Infatti, Isaac Asimov, ha raggruppato in questo libro dieci storie, dove ci sono zoo con alieni, anziché animali; processi sugli alieni che scappano da pianeti lontanissimi; alieni forniti di tutte le tecnologie più avanzate, ma che non hanno dentisti; visite su pianeti, dove l’istruzione è molto diversa rispetto a quella terrestre; alieni che crescono sulla terra, per poi andarsene in un altro pianeta a fare una vita molto diversa; una guerra sulla Luna per motivi di turismo; la storia della creazione della Terra e del suo sistema solare, che è stata fatta da un bambino molto piccolo d’età... La storia che mi è piaciuta di più, è stata quella del processo all'aliena Maeth. Ella ha gli occhi color oro e la pelle verde. E' arrivata sulla Terra dal pianeta di Procione, per mezzo di un asteroide e della sua astronave. Non è venuta per fare la guerra, e non ha portato dei suoi simili con sè: è venuta sulla Terra perché non le piaceva Procione, il pianeta dove abitava. L’arrivo di  Maeth non passa inosservato: atterra distruggendo un campo coltivato, immobilizza un poliziotto per circa due ore, sfonda la vetrina di un negozio… ma incontra un medico, un medico che  le  insegna la lingua del luogo. Ella ha delle strane capacità: non sente ma capta pensieri, e per comunicare impara ad usare una lavagnetta ed un gessetto. E’ molto piccola d'età, infatti, secondo il medico, non ha raggiunto la maturità sessuale. Dopo un lungo processo, per i disastri che ha combinato, Maeth vince la causa. Intanto le arrivano delle lettere di solidarietà di persone, le quali offrono un posto nella propria casa. Lei ne sceglie uno, e si dirige verso la sua nuova dimora.

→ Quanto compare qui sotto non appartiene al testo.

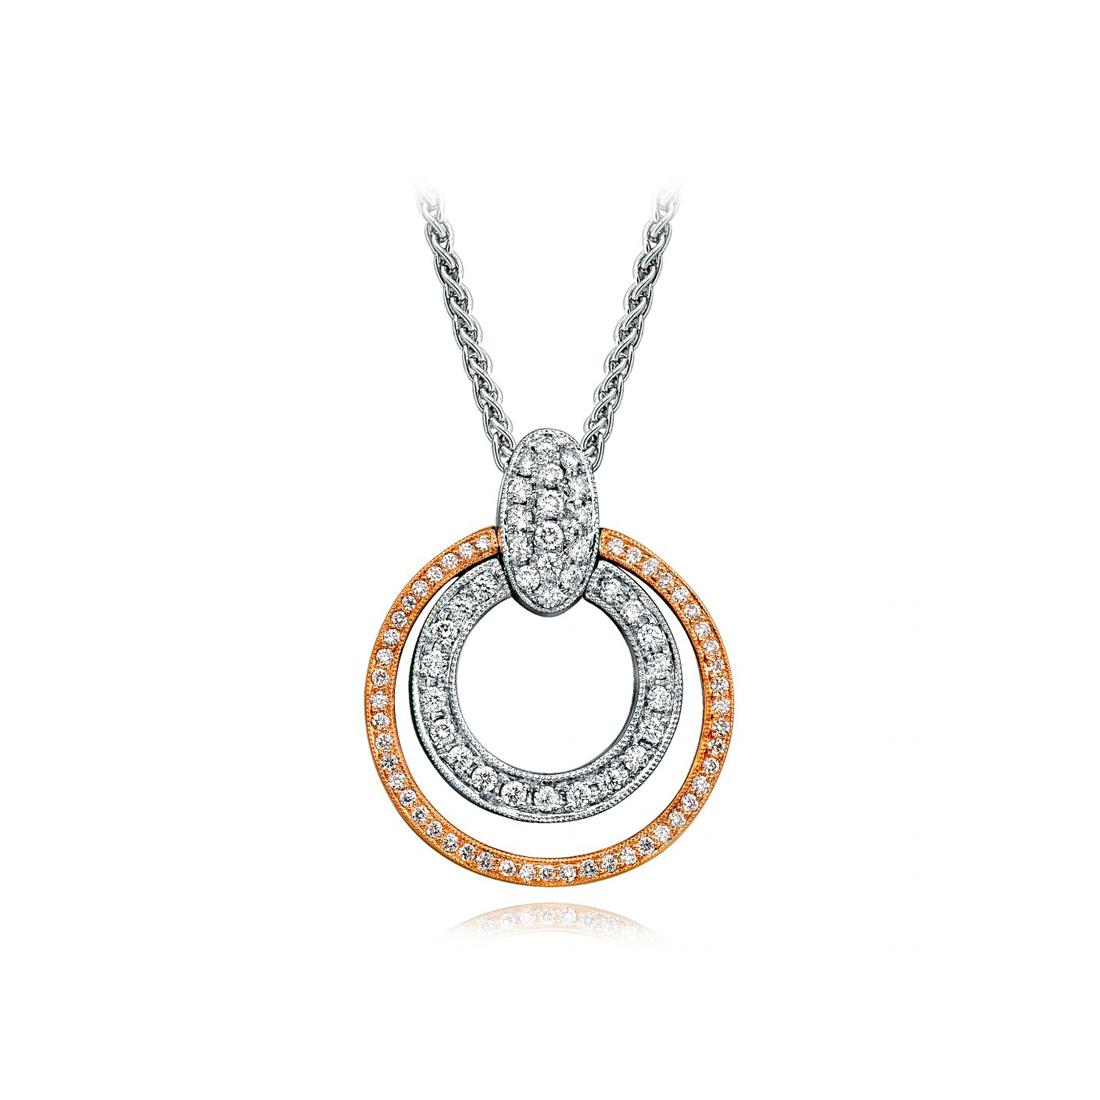 Simon g two tone double circle pendant beifeld jewelers simon g two tone double circle pendant aloadofball Image collections
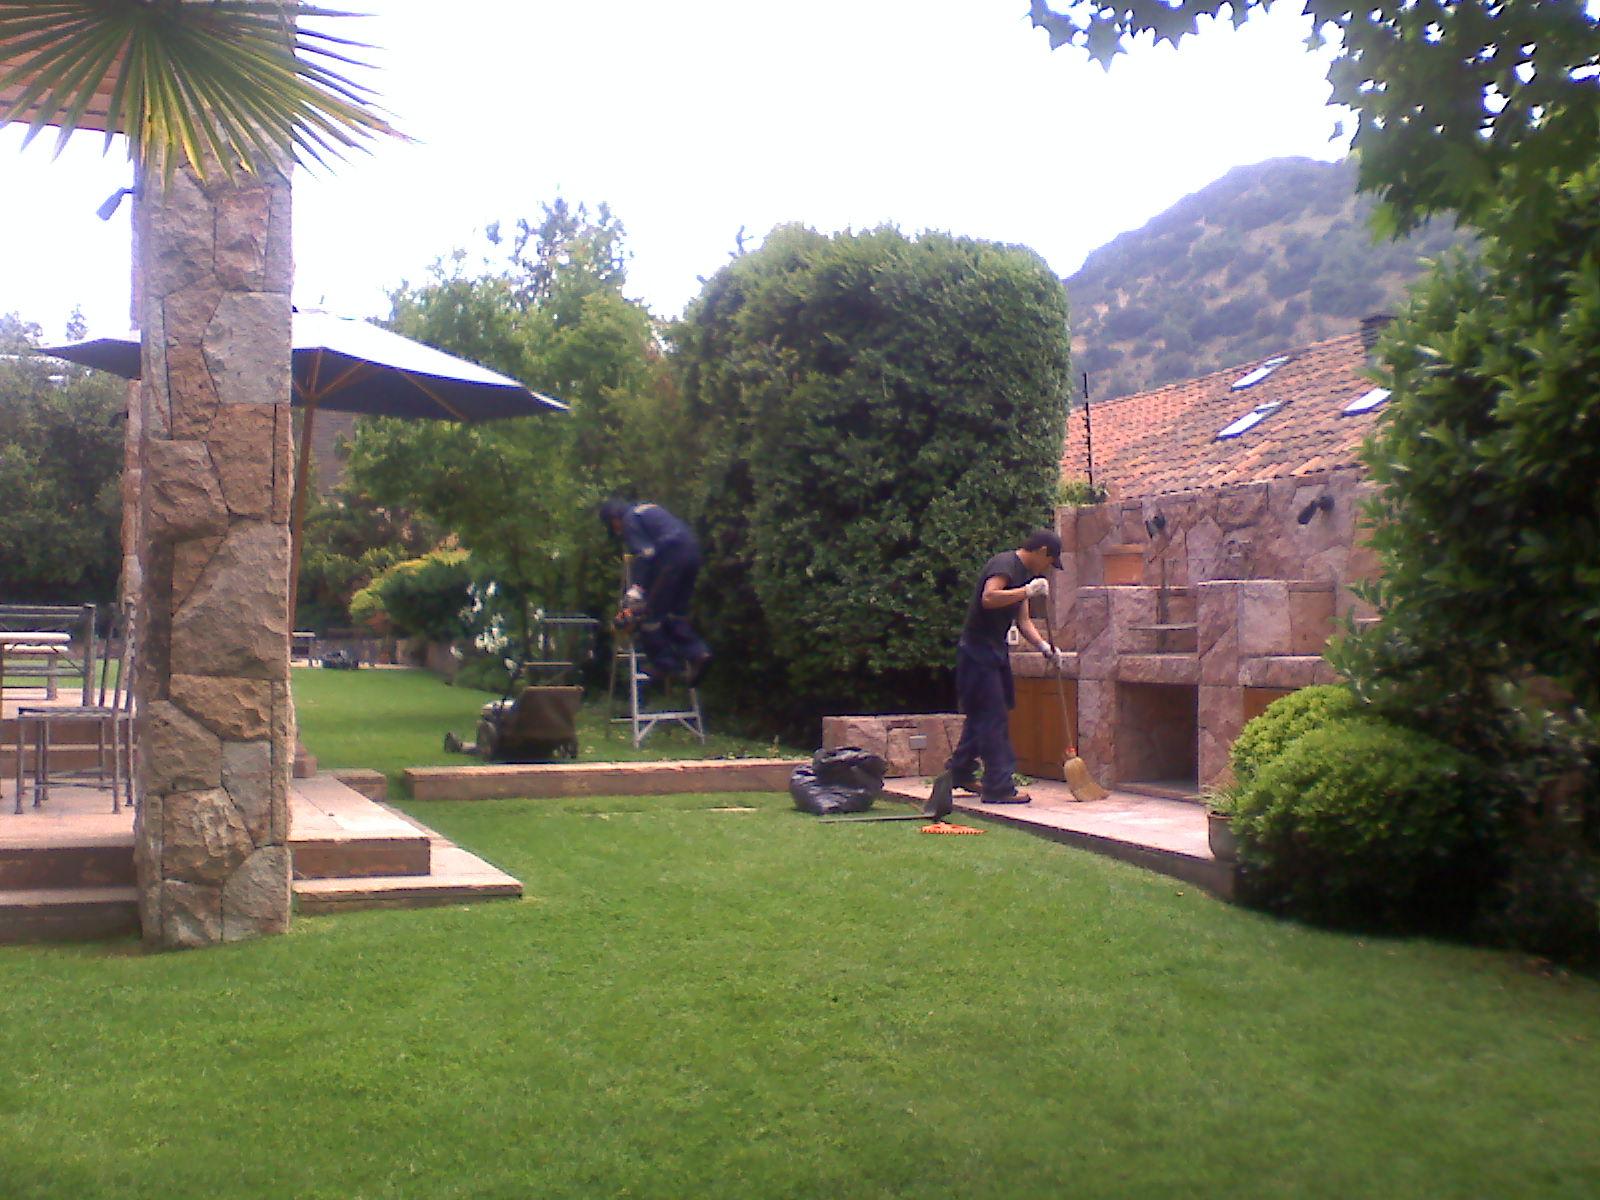 Darrigrandi y simunovic jardineria semillas o cesped alfombra - Cuando plantar cesped ...

  Questo libro mi è piaciuto molto, anche se la lettura non è così scorrevole come altre che ho letto come ad esempio “L’occhio del lupo” di Pennac. A me non piacciono i libri con tante storie all'interno, ma quelli con una storia sola. Queste letture sono molto interessanti, e se lette con attenzione, sembra di viverle. A volte mi fermavo a pensare: "Chissà se ci sono altre forme di vita intelligenti nell’Universo?" 
Consiglio questo libro a persone che intuiscono il significato delle parole più complesse, e che hanno molta voglia di dimenticare il mondo attuale, e di volare verso altri pianeti.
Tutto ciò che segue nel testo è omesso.